Two Examples of AI-Optimized Workflows
1. Converting PDFs to Markdown
If you’ve ever translated a PDF, you know that preparing content for translation—structuring it into Markdown format—makes a huge difference in the quality of the output. However, extracting content from a PDF is challenging since it’s primarily designed for printing rather than structured data. Handling figures and tables further complicates the process.
I recently saw a project called PDFGPT, which approaches this problem in an elegant way. It uses GPT-4 and PyMuPDF as part of a workflow:
-
A PDF library (PyMuPDF) detects images, figures, and tables, extracting them as separate images.
-
Each page is converted into an image, with red boxes marking the figures and tables.
-
GPT-4, with its visual capabilities, interprets these marked images and generates corresponding Markdown content.

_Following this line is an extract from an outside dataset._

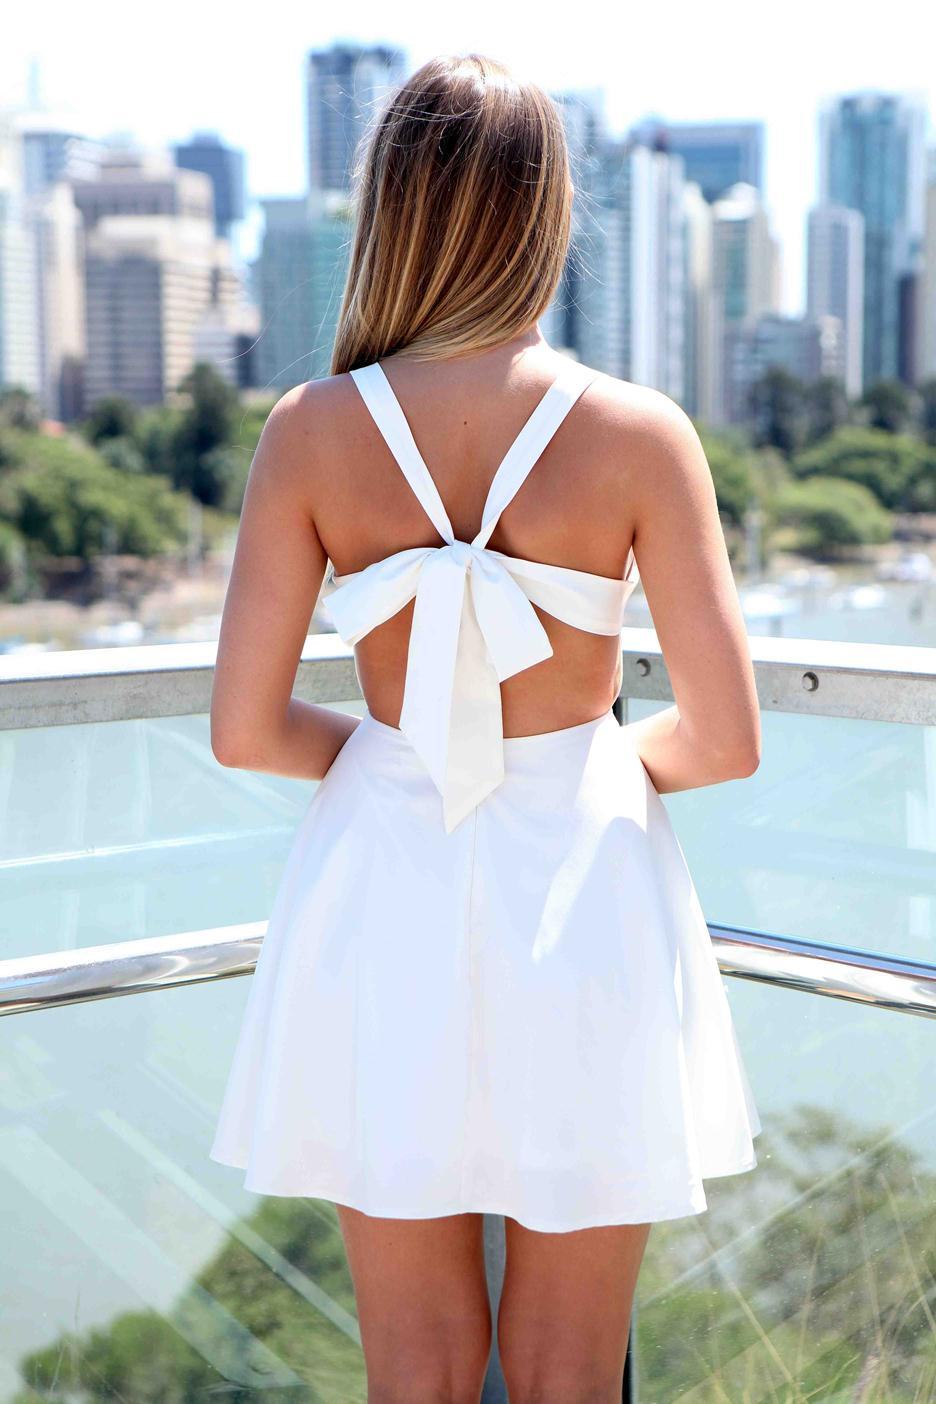 White criss cross dress photo album cleida

Using only an LLM would struggle with such a task due to context length limits and difficulties embedding visual content. By combining PyMuPDF with a suitable workflow, this project effectively converts PDFs to Markdown with great results.
2. Translating Comics
Comics are another interesting challenge—translating speech bubbles into another language requires extracting the text, translating it, and placing it back into the original layout. The key challenges are:
-
Speech bubbles are irregular and sometimes overlap, making text extraction difficult.
-
A straightforward translation of extracted text may not be coherent without understanding the comic’s context.
-
After translation, the original text must be removed and replaced in the correct positions.
A project called comic-translate handles this problem quite well by designing a tailored workflow:
-
A specialized model detects and locates the speech bubbles.
-
OCR extracts the text from these bubbles.
-
Another model removes the original text from the bubbles.
-
GPT-4 translates the text based on visual content.
-
The translated text is re-inserted into the original bubbles.
If you overlook translation quality for a moment, this can be a fully automated workflow—highly efficient and low-cost, with GPT-4’s API being the most expensive part at about $0.02 per page. Adding human oversight to refine translations further boosts the quality without sacrificing efficiency.
Conclusion
To make the most of AI, the key is to design workflows that fit AI’s strengths. Whether it involves an AI agent, an LLM, or another model is secondary. The true focus should always be on solving the core problem effectively, using AI as a tool rather than an end in itself.